Comparative layer-wise analysis of self-supervised speech models
This work addresses the limited understanding of model properties for researchers in speech processing, offering insights for more efficient use of pre-trained models, though it is incremental as it builds on existing analysis methods.
The study analyzed intermediate representations of various self-supervised speech models to understand how acoustic, phonetic, and word-level properties evolve across layers, finding that these trends relate to pre-training objectives and can guide layer selection for downstream tasks, with single-layer performance often matching or improving upon using all layers.

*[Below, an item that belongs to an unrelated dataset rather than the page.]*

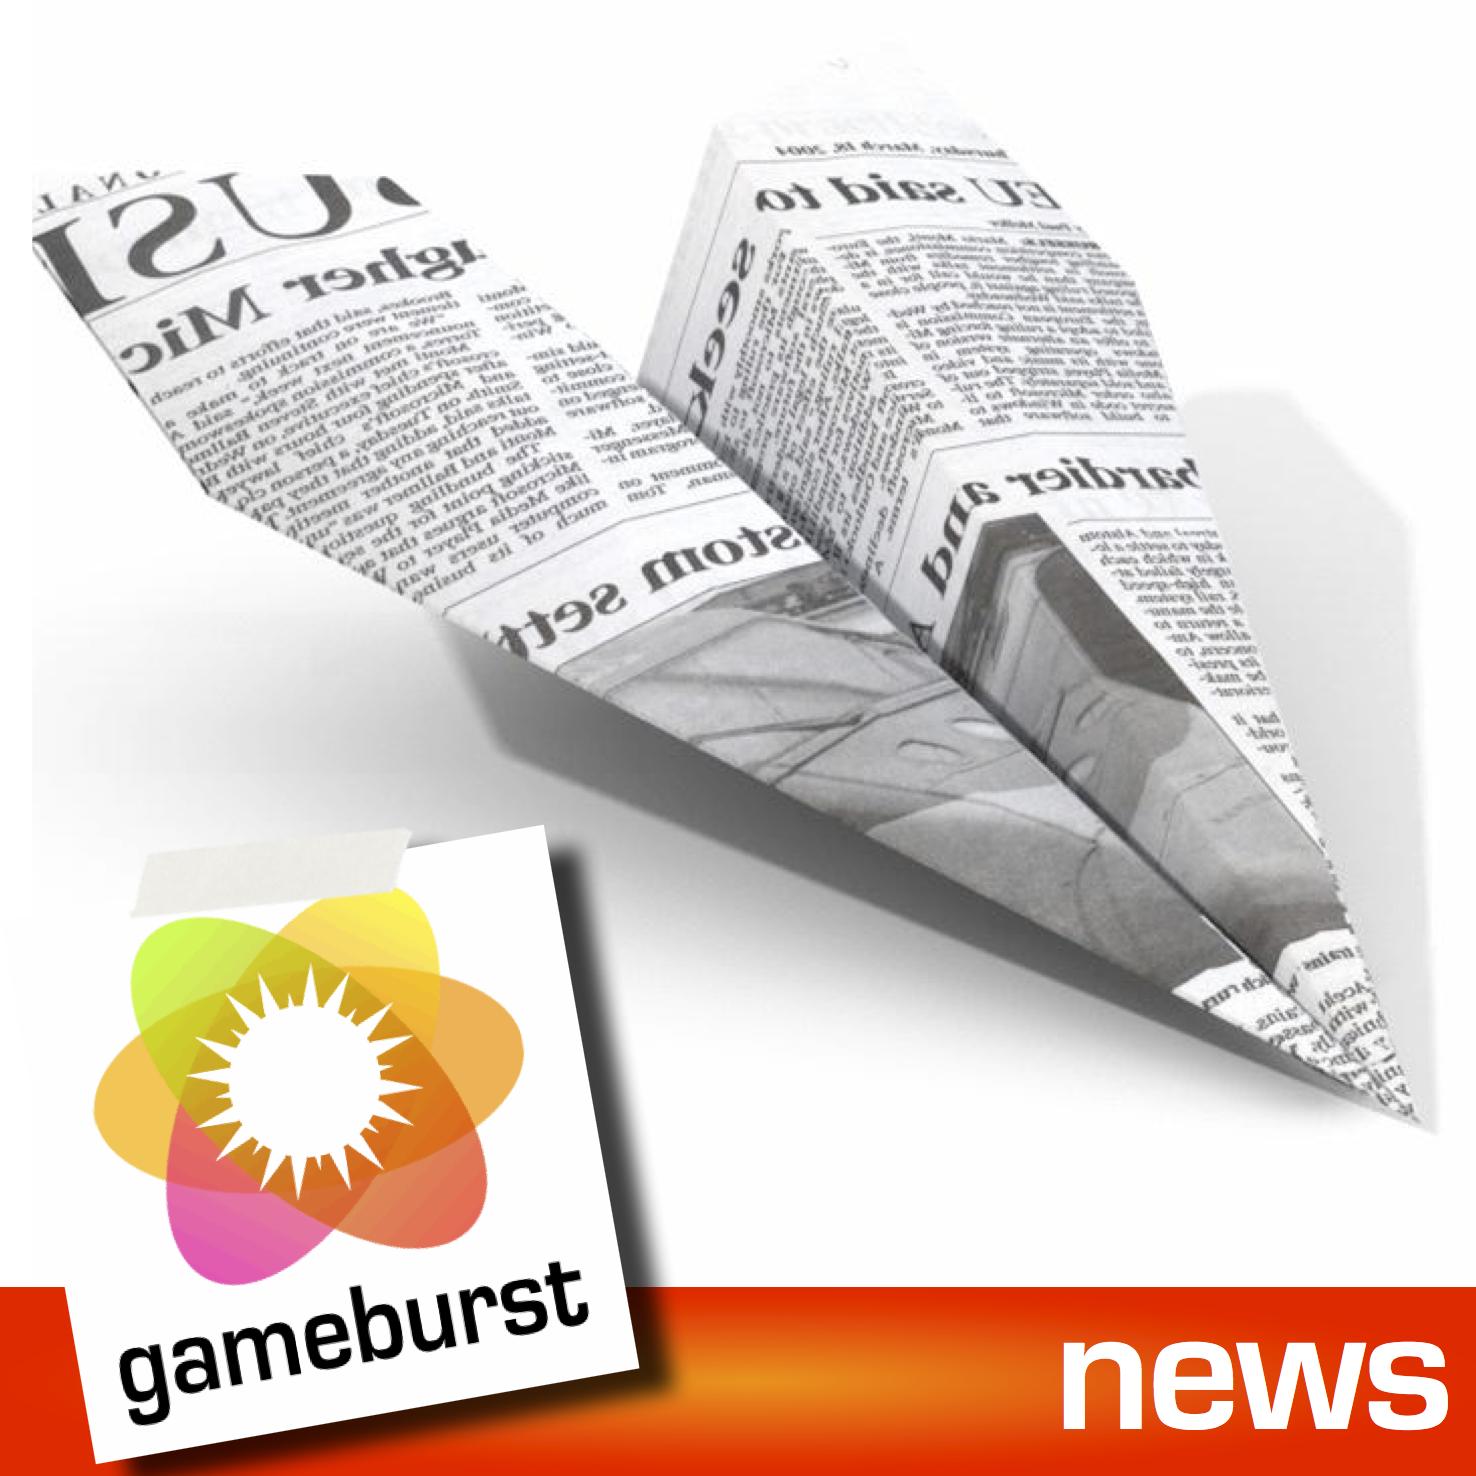 GameBurst News - November 4th 2012

Many self-supervised speech models, varying in their pre-training objective, input modality, and pre-training data, have been proposed in the last few years. Despite impressive successes on downstream tasks, we still have a limited understanding of the properties encoded by the models and the differences across models. In this work, we examine the intermediate representations for a variety of recent models. Specifically, we measure acoustic, phonetic, and word-level properties encoded in individual layers, using a lightweight analysis tool based on canonical correlation analysis (CCA). We find that these properties evolve across layers differently depending on the model, and the variations relate to the choice of pre-training objective. We further investigate the utility of our analyses for downstream tasks by comparing the property trends with performance on speech recognition and spoken language understanding tasks. We discover that CCA trends provide reliable guidance to choose layers of interest for downstream tasks and that single-layer performance often matches or improves upon using all layers, suggesting implications for more efficient use of pre-trained models.